Ashraf: Yeah, yeah. So when it came to the underwater… I'll say this for vehicles, for horses, for camels: effectively what we wanted is that whatever you're doing in the world, it's consistent. The controls remain the same. Attack is an attack wherever you are. So [you] pressing the button and it works. In terms of the underwater specifically, Egypt was actually lush with water at that time period, and so it was natural for us that we needed to be able to seamlessly go through it. And that there are opportunities and advantages for those people to explore the underwater. So there are underwater tombs. There are sunken temples. There are wells that you use to sneak into forts. So there's a lot that can be done with the water.



Ubisoft Singapore worked on the water in terms of the tech and it's stunning. The shots are beautiful. You know, as an example of when I'm playing, even of the demo in Faiyum, just the other day and I kid you not, I was just playing and having fun and then this happened. So at some point, a hippo comes to attack the boat I was on. It attacks, does some damage. I'm trying to shoot it. I dive out of the boat to try and go under it so I can come up because it's really doing damage to the boat. The boat starts sinking and I'm under it, so it was dragging me down. So I have to swim away from it. And I have this moment where I have a hippo swimming in front of me coming, the ship I was on just crashing, and you know, I know this is what we have in the game because this is our game, but it was a moment of okay, okay, okay everybody. Bravo. Well done.

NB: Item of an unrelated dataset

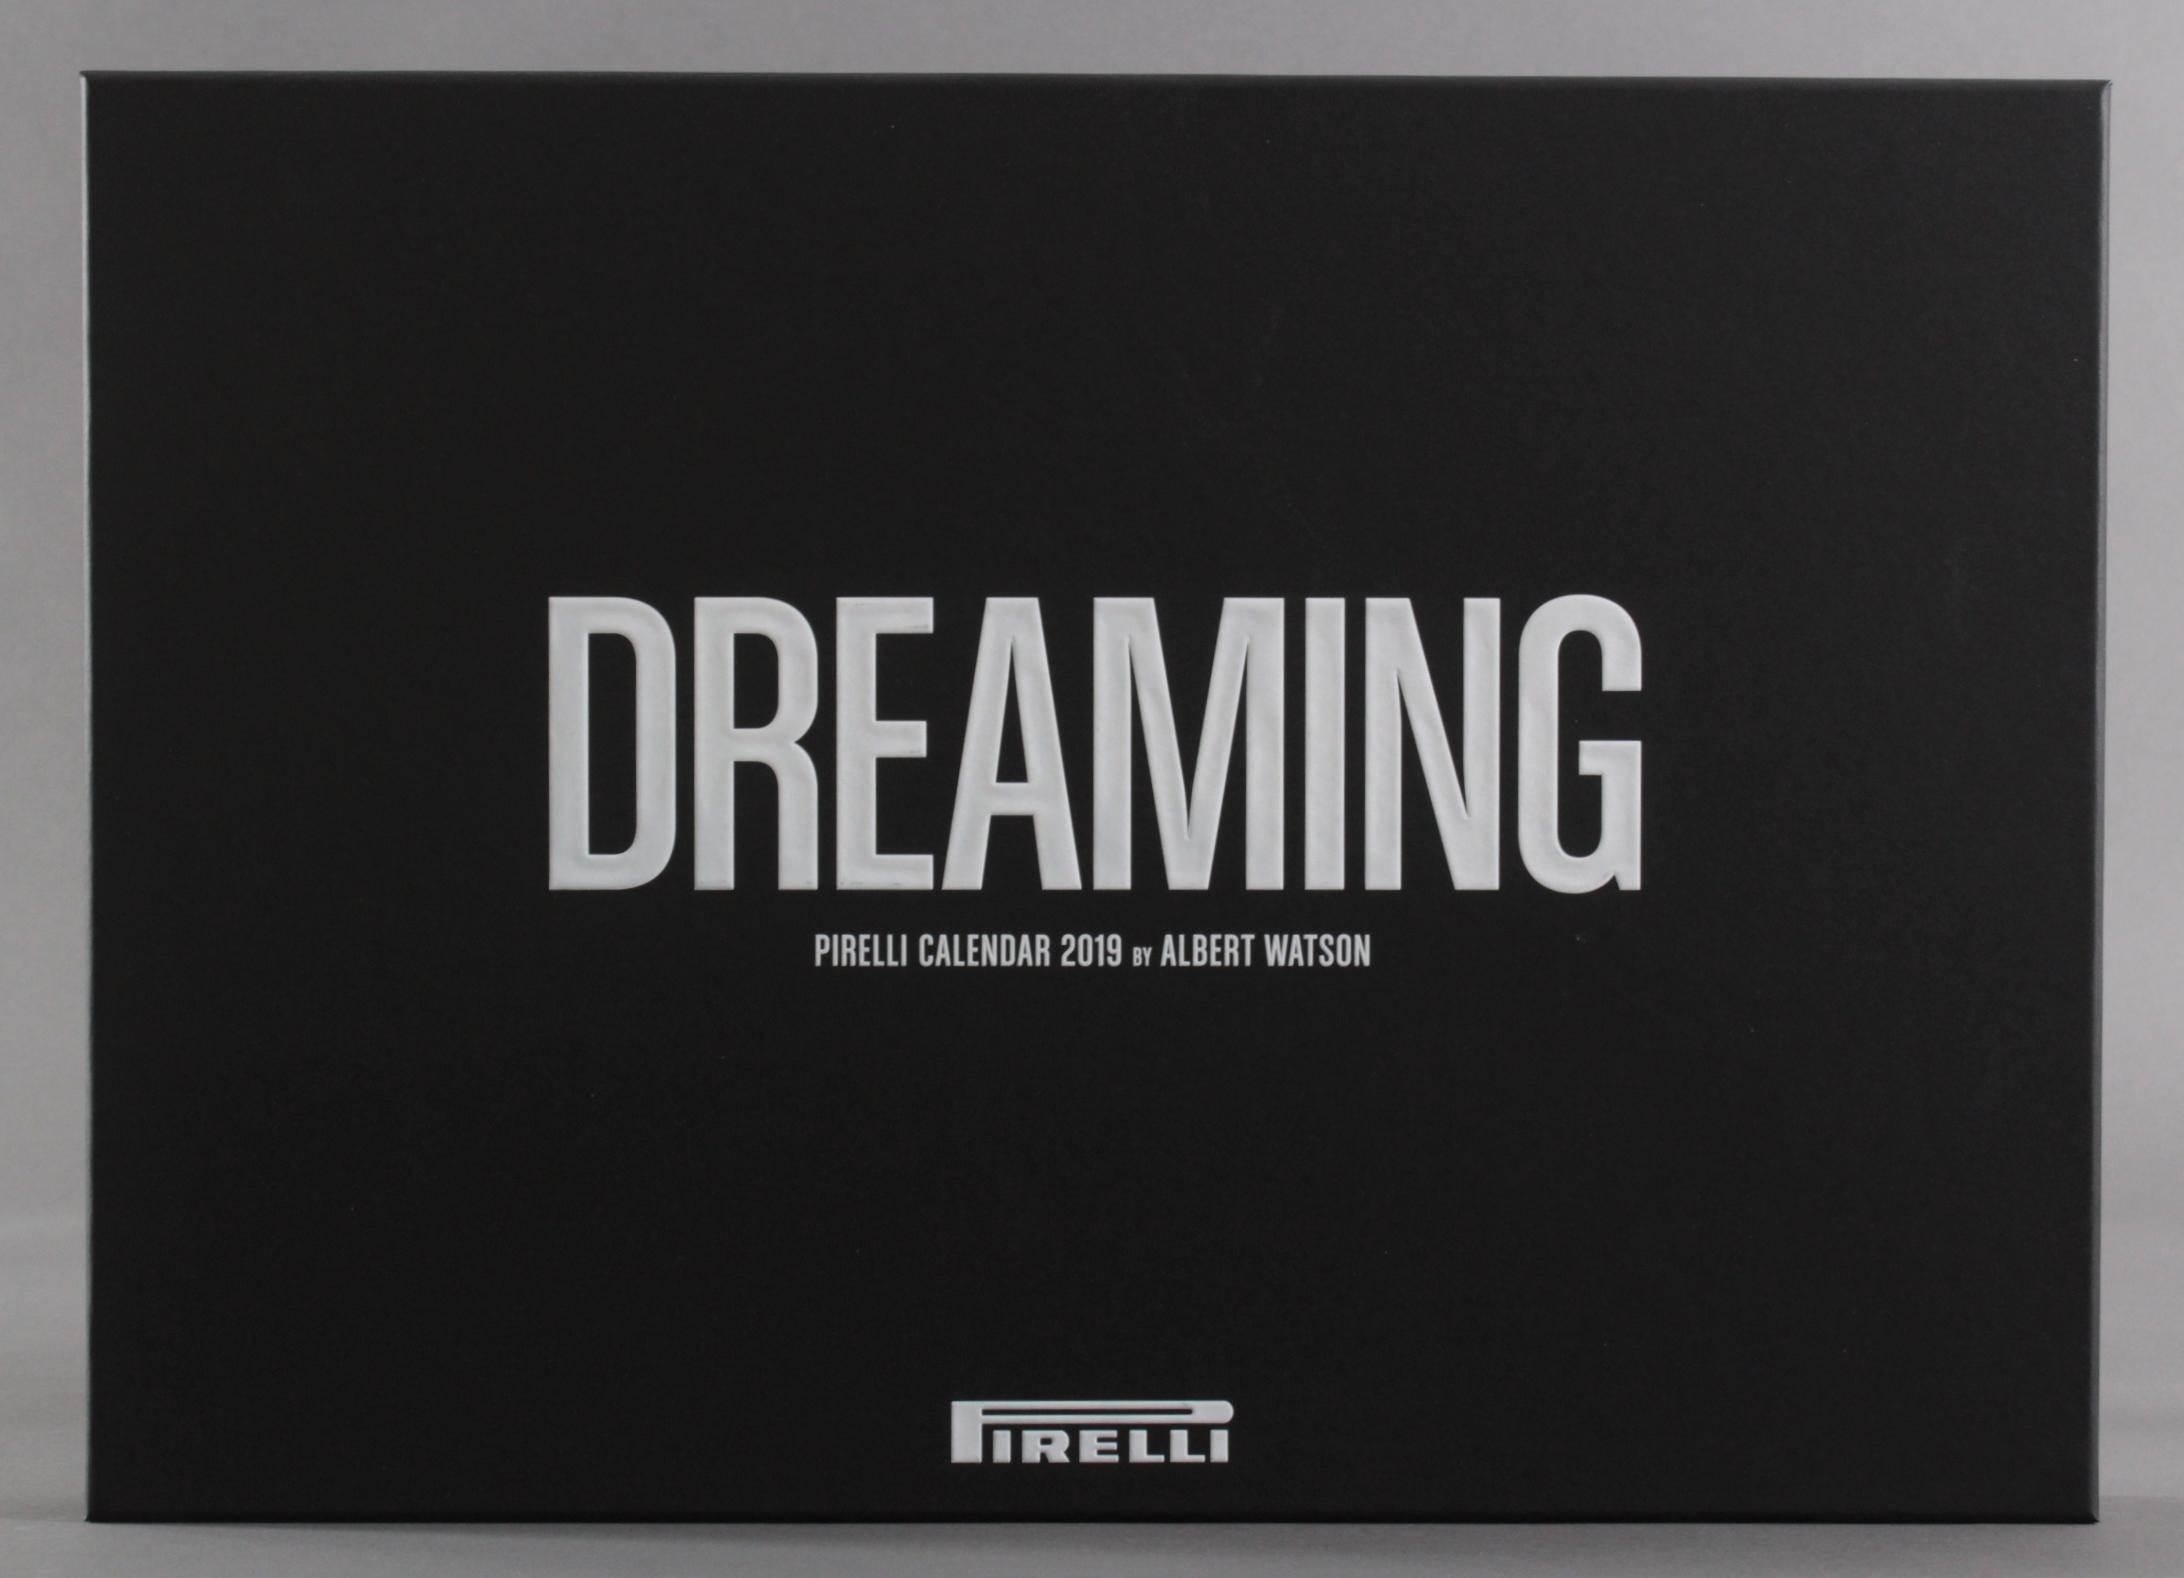 Pirelli Kalender 2019 'Dreaming'

So the underwater is as seamless [as the rest of the game] and it's not just “oh you can swim in it”. No, no, it's everything exists in it. Humans who fall into it, you can take your boat and ram into another one. The guys will fall into the boat. They'll swim, get back into their boat and curse you for it. If they're a guard, they might shoot you for it. Animals are there. So it's fully ingrained into the experience of the game. Pretty much anything you can do on land, you can do some version of it underwater. You don't have full combos. There is a basic combo of attack, but the point is we wanted you to hit the attack button and it's going to work. You want to move forward? It's going to work. The controls aren't going to change, and they're going to remain consistent. That was really important for us.

AusGamers: Okay, awesome. Thanks so much, Ash.

Ashraf: My pleasure.

AusGamers: I really enjoyed it.

Ashraf: Love hearing that, love hearing that. Thank you.

AusGamers: Hopefully we get you to do Australia soon.